→ TASK PROMPT
Only an exact repeat of the listing, without its images, counts as the answer.

→ PROVIDED MATERIAL
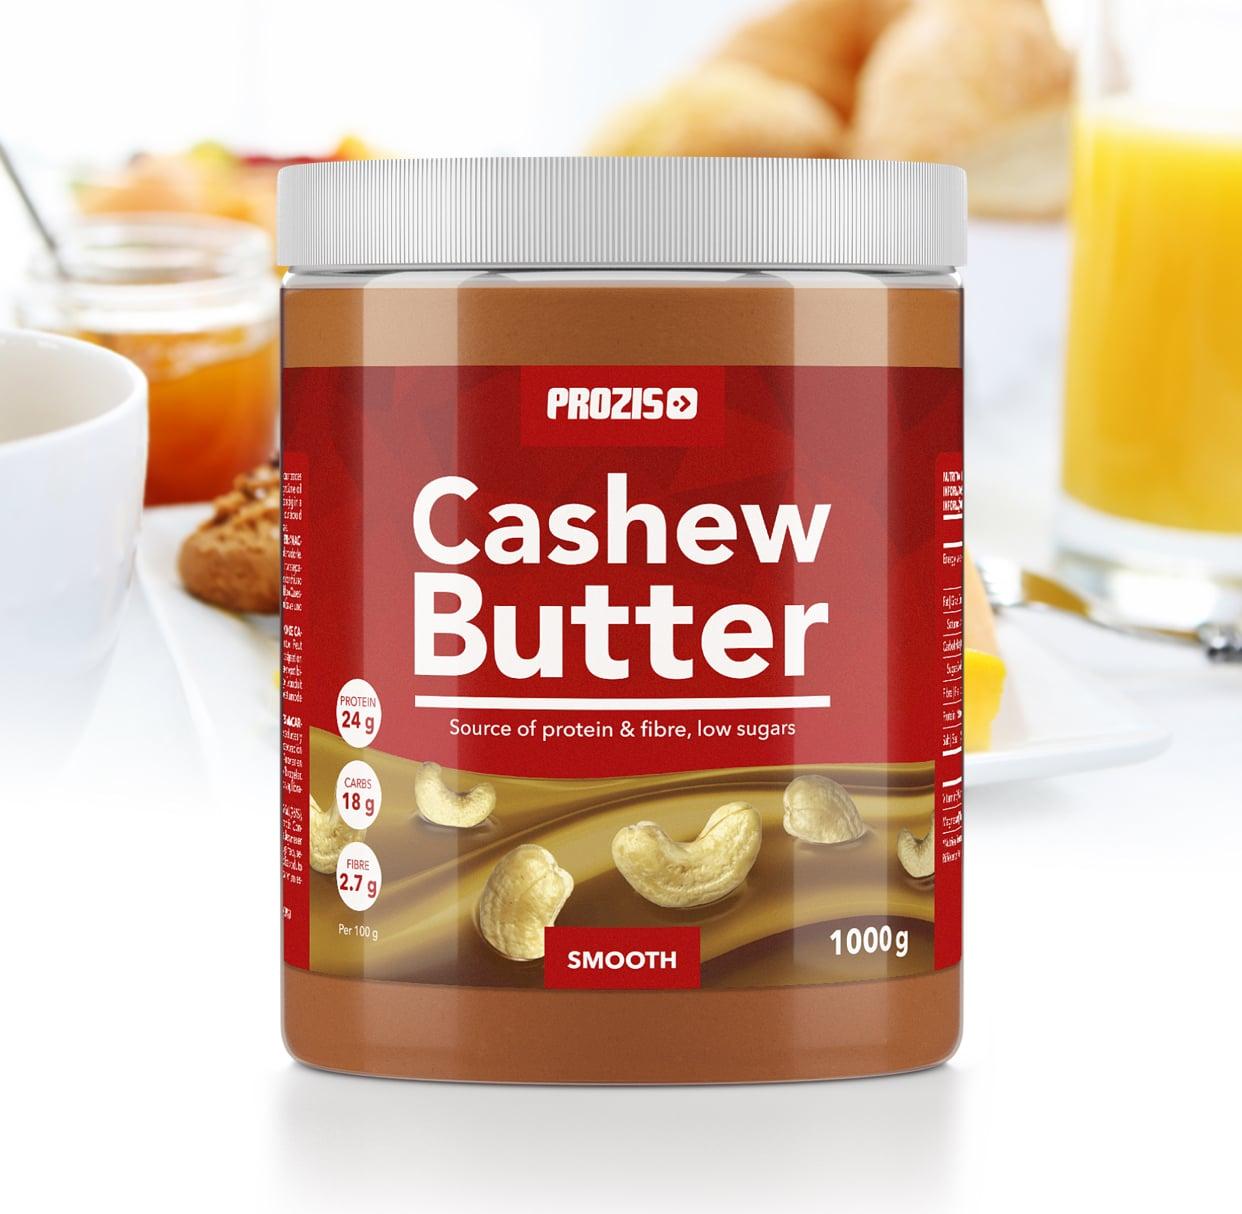 Prozis Cashew Butter
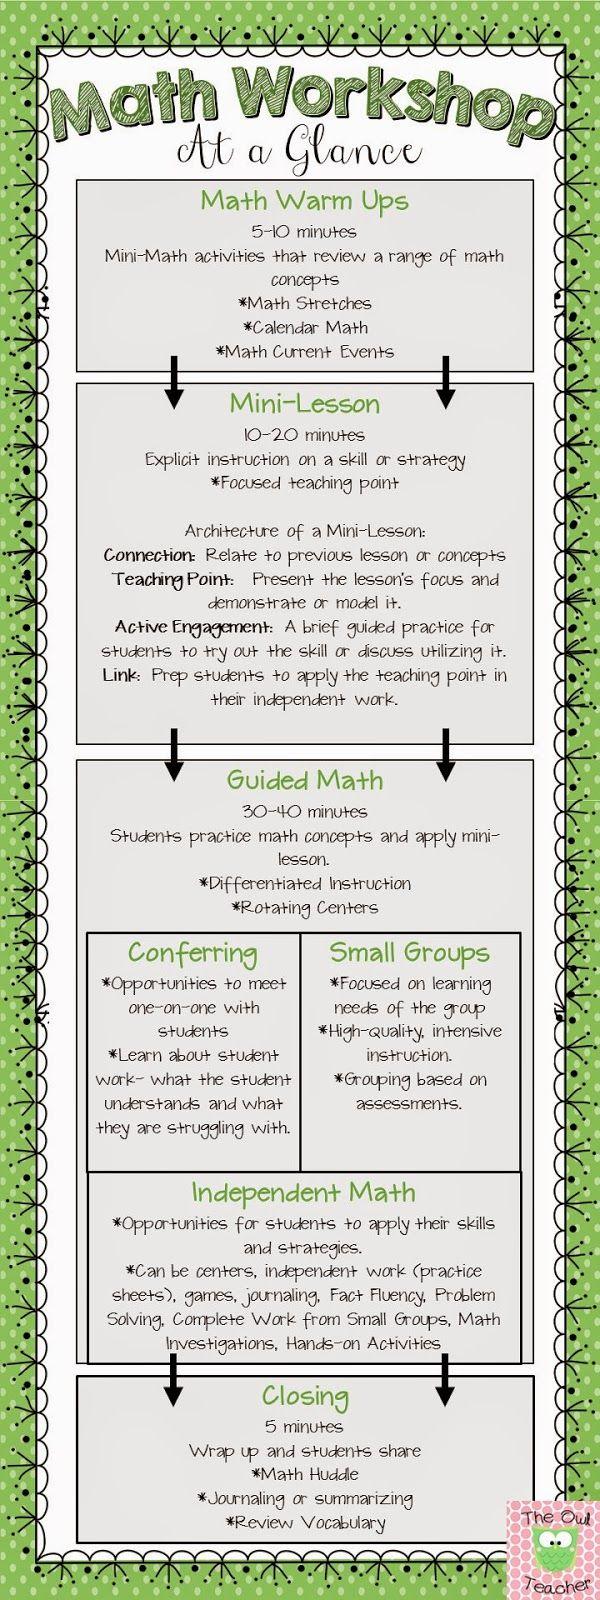 Math Workshop Week 3
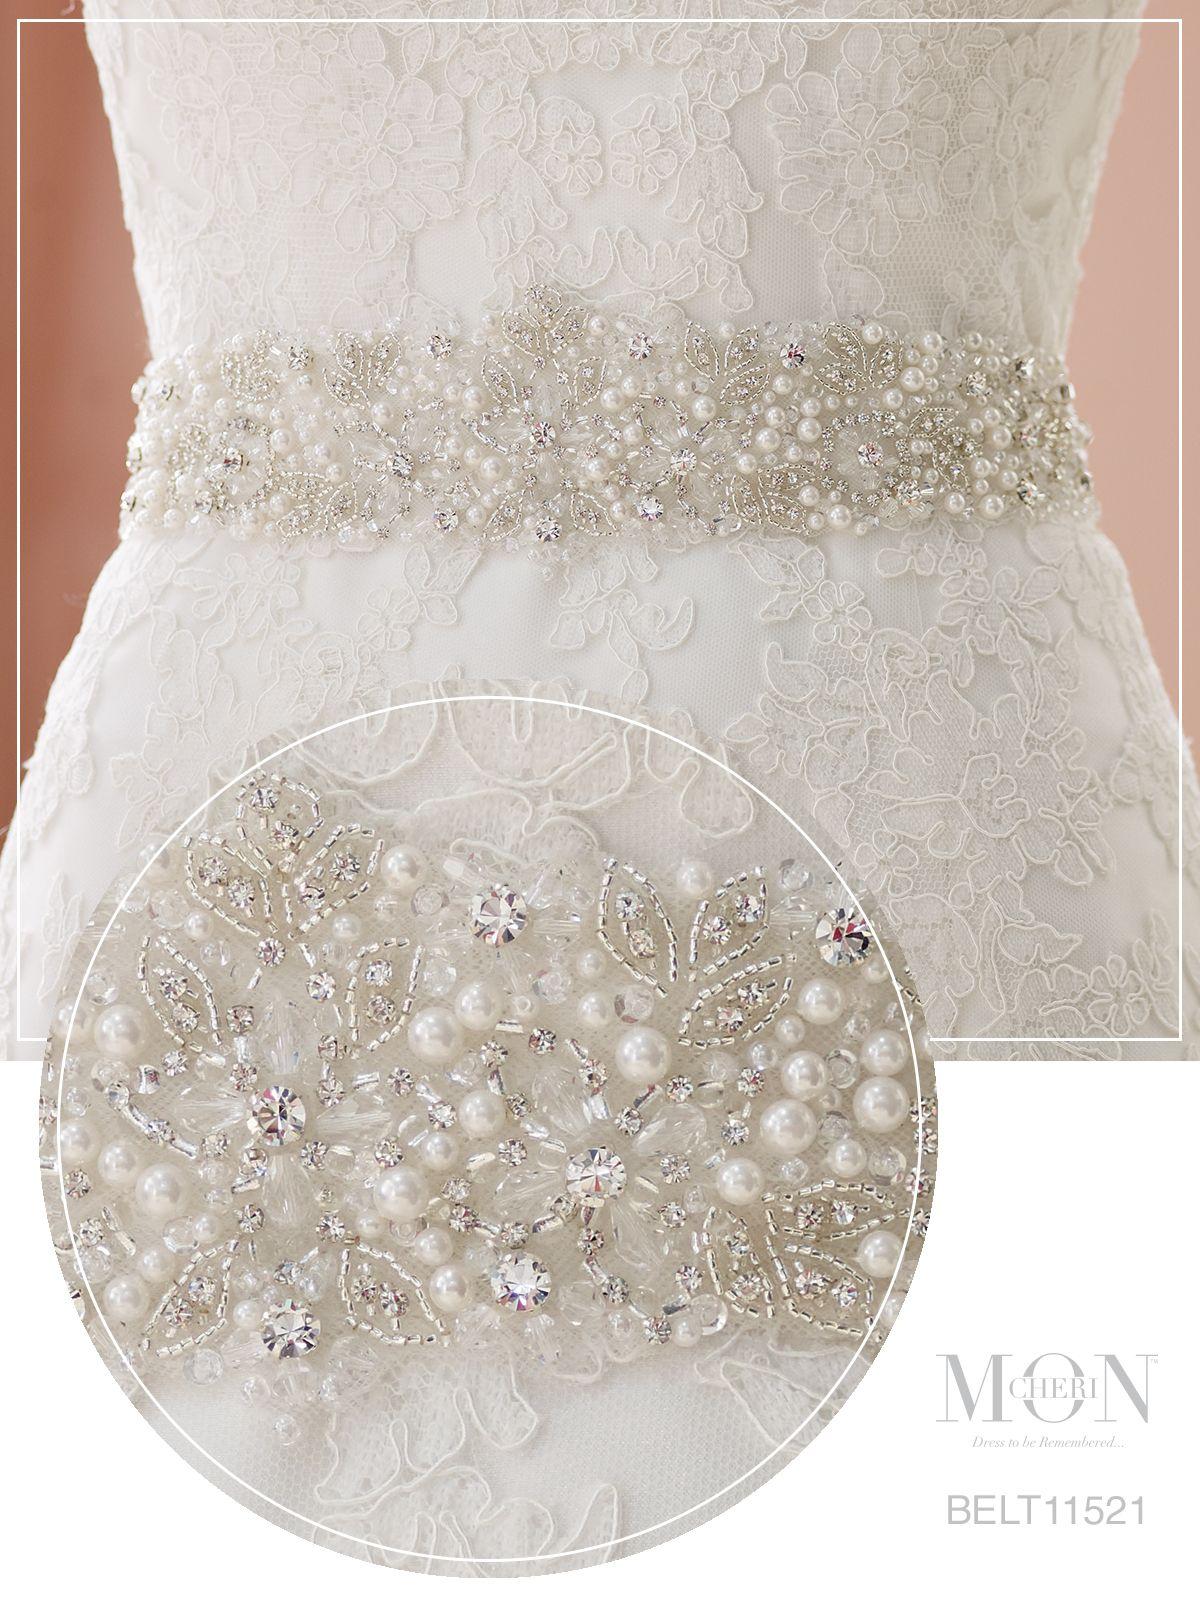 Pearl belt for wedding dress  Tracie Snow tracie on Pinterest

→ RESPONSE BOX
 Prozis Cashew Butter
 Math Workshop Week 3
 Pearl belt for wedding dress  Tracie Snow tracie on Pinterest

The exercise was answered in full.